The tokens can be viewed by the user, so the evaluation is transparent. In expert mode, users can see which tokens have been rated and how. This explains the classification of the relevance of a data set and helps employees to identify the correct, relevant data set. It is therefore advisable to rely on additional technology besides Hana Fuzzy Search, which narrows down the list of results to such an extent that business partners can be correctly identified in a time-saving and efficient manner. The rule is: relevance before quantity. This helps companies enormously in preventing new duplicates or multiple data records from arising in the first place.

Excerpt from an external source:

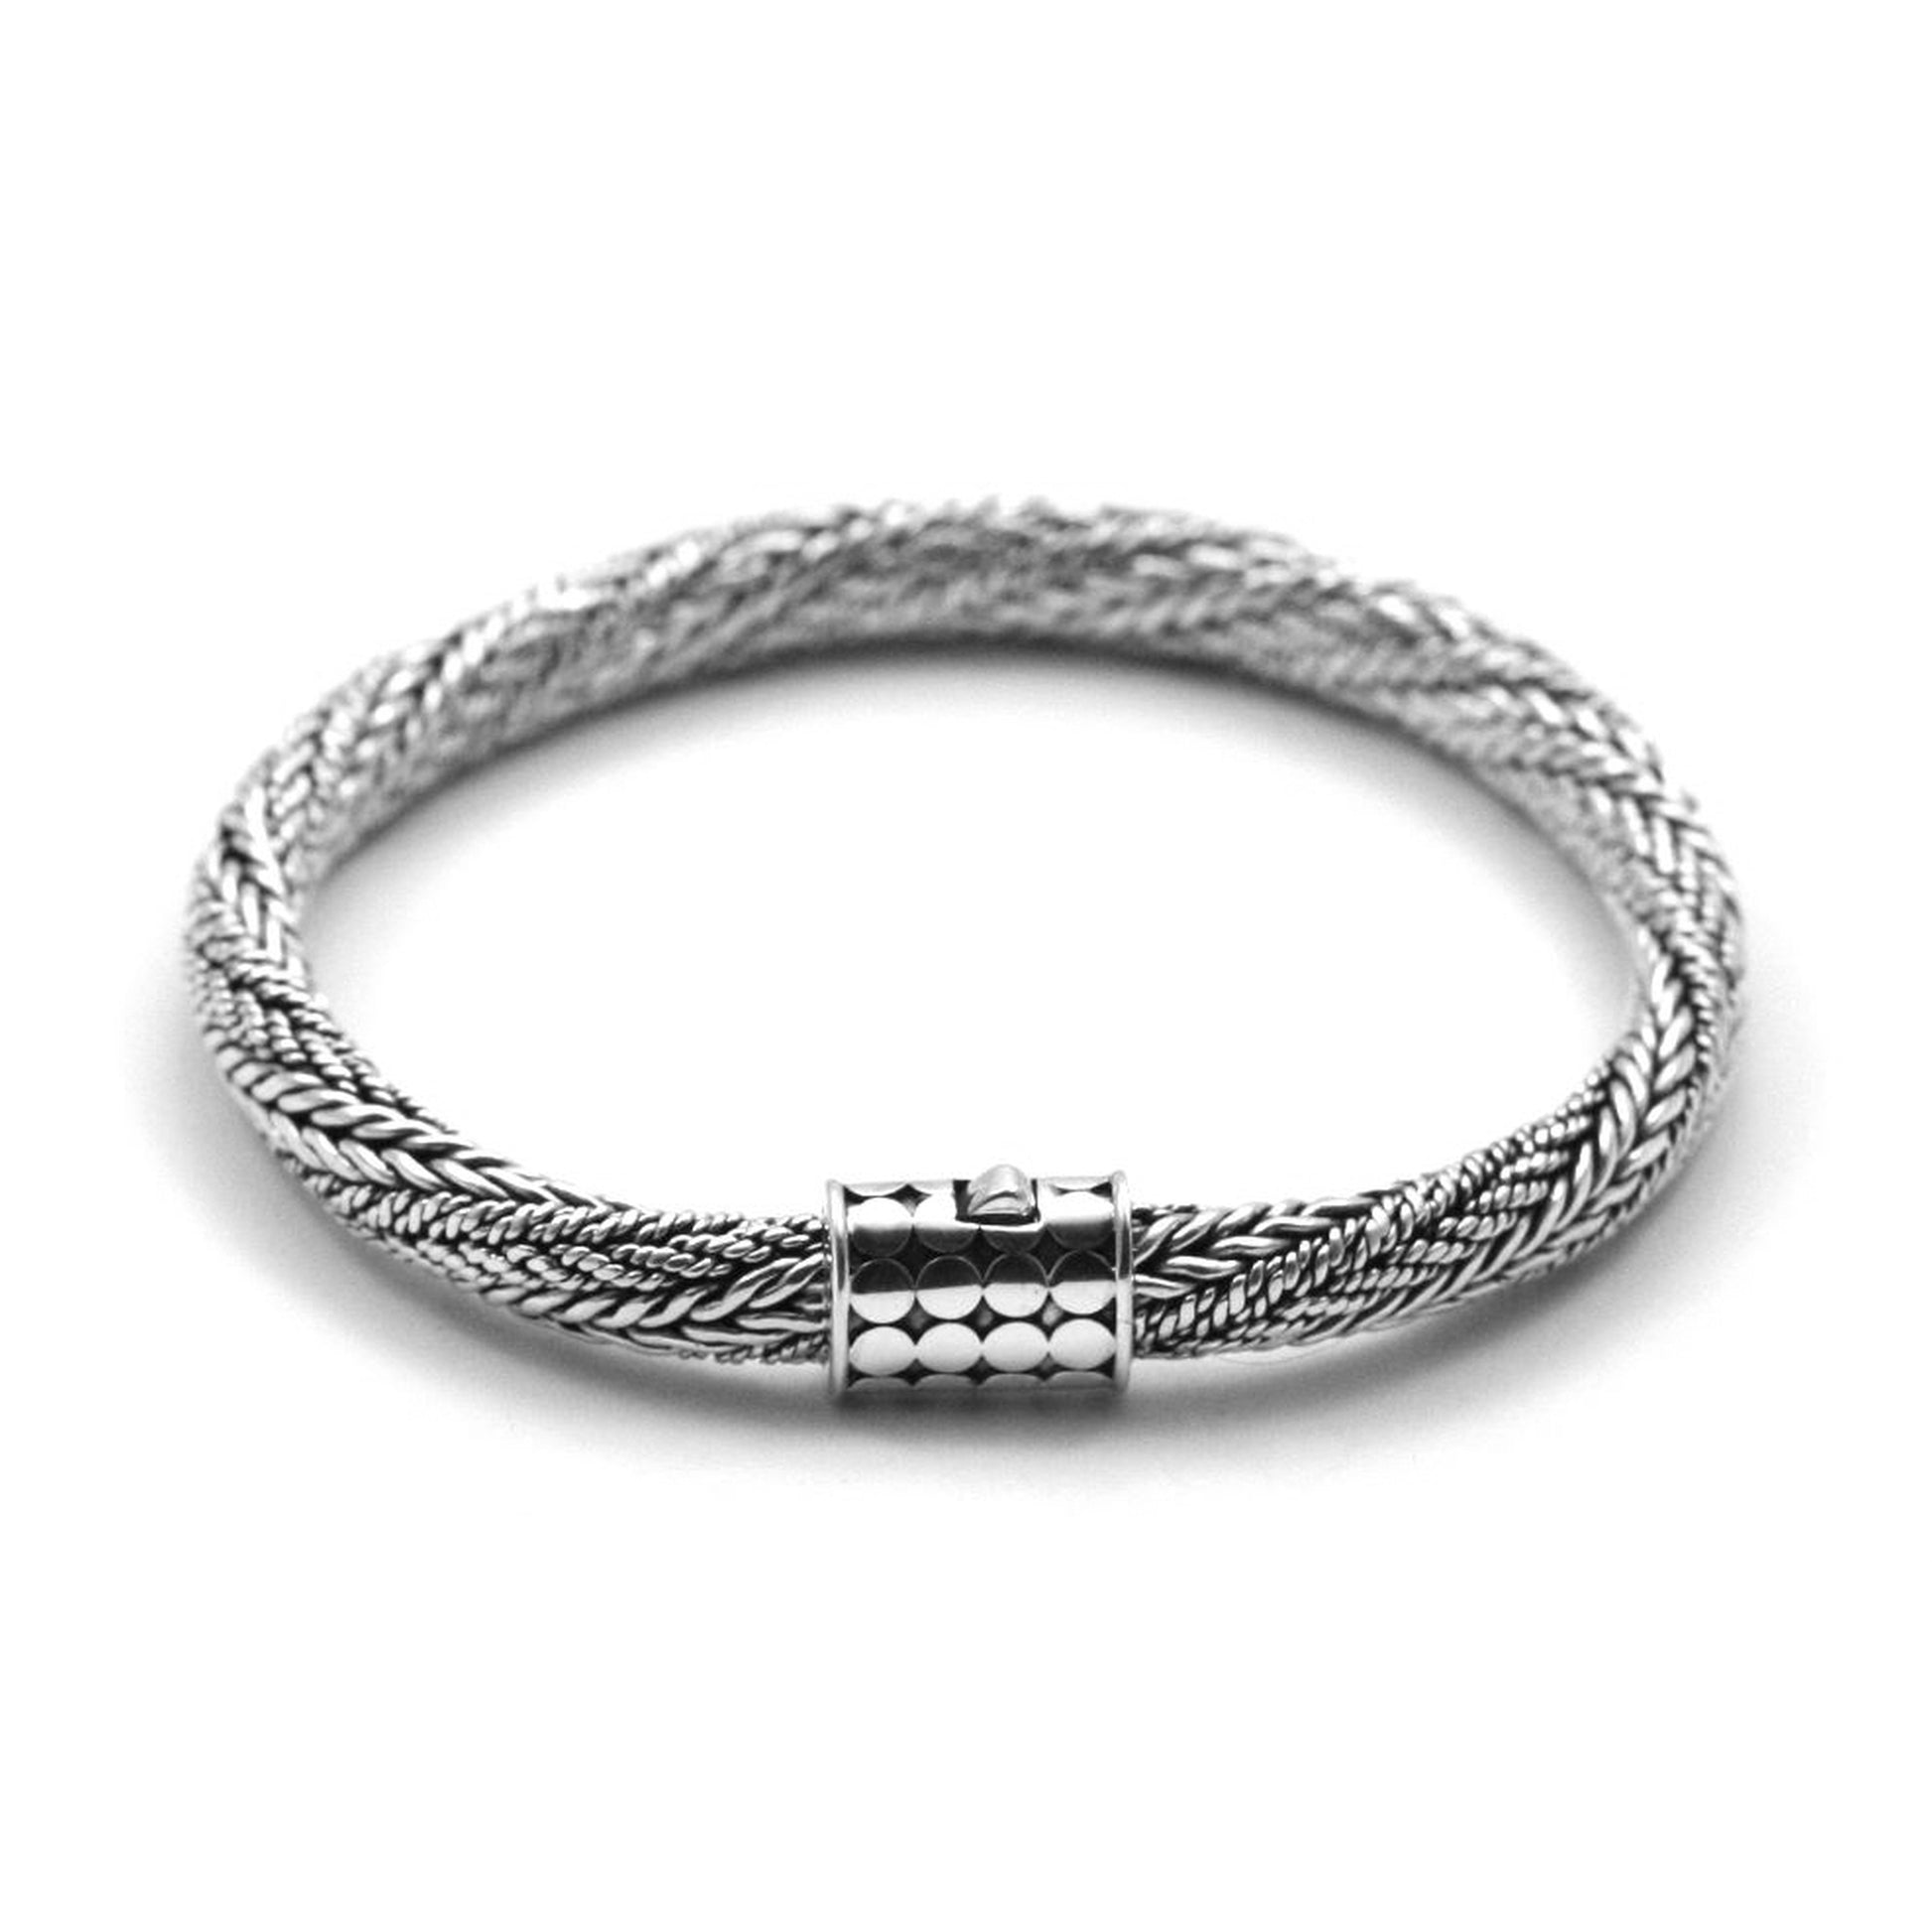 Twisted multi-textured silver chain bracelet with a decorated barrel clasp.

Above all, the half of companies mentioned at the beginning, which work in parallel on different versions of SAP, run the risk of carrying duplicates as proverbial ballast in their data stock. They should therefore perform a duplicate check and overall data quality assurance before the complete changeover. And during subsequent operation, they should also keep a close eye on duplicate and multiple data records so that no new duplicates contaminate the system as "false fifties" in the long run.
Search parameters
Synonym search: The names "Steffi" and "Stefanie" are displayed as potentially belonging together.
Overhang search: Double names are also found by entering the single name, for example "Heinz Müller-Schulze" for "Heinz Müller".
Typo: Duplicate recognized despite incorrect entry, for example with "Stehpan" and "Stephan".
Acronym Resolution: Abbreviations are recognized, such as "TK" for "Techniker Krankenkasse".
Zip code equivalency: Zip codes that are geographically close to each other can be evaluated accordingly.